* _Your goal_: Where the listing below reaches the line containing "Neon Wallpaper Hd", start writing out lines exactly, and stop once the line containing "Neugeborenenfotoshooting_2020_Photoliebe_Bremen (15 von" has been written.

* _Dataset_:
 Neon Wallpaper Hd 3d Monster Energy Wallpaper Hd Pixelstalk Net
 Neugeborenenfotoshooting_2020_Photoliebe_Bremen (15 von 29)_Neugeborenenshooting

--

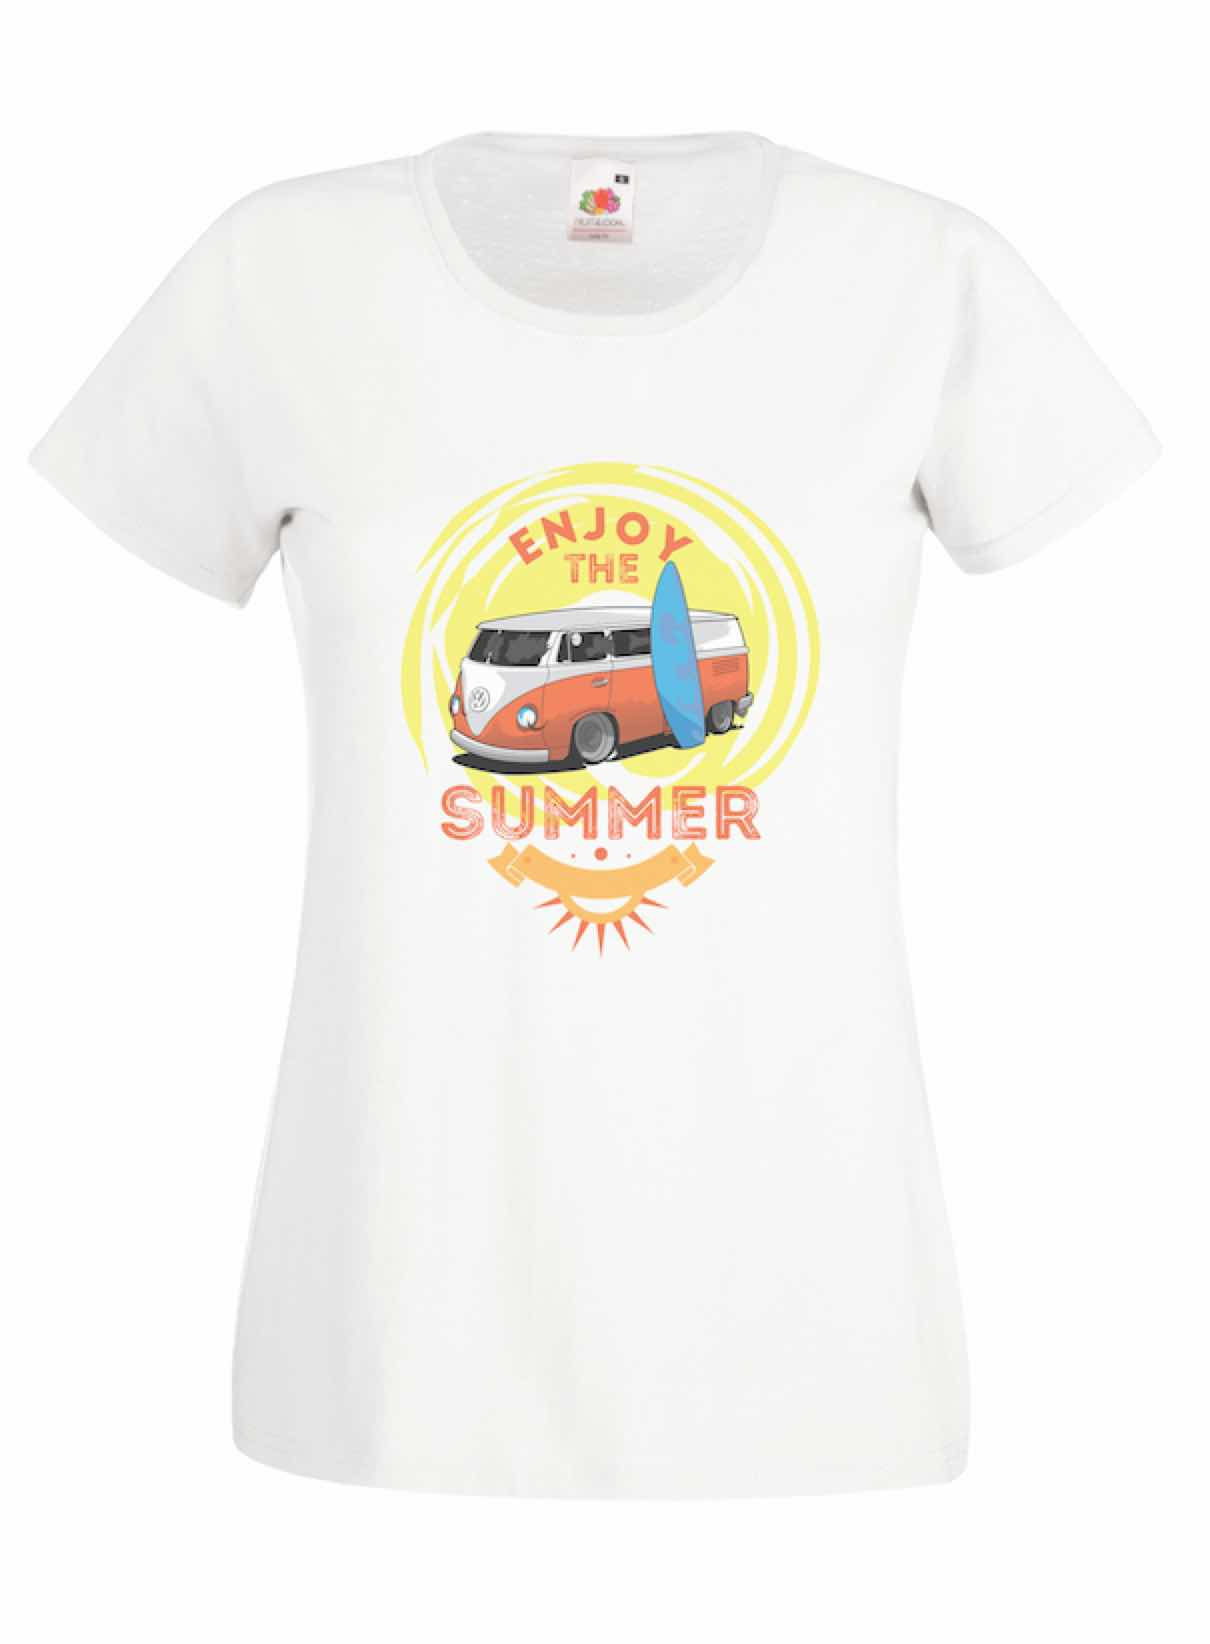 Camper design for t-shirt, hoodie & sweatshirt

* _Response area_:
 Neon Wallpaper Hd 3d Monster Energy Wallpaper Hd Pixelstalk Net
 Neugeborenenfotoshooting_2020_Photoliebe_Bremen (15 von 29)_Neugeborenenshooting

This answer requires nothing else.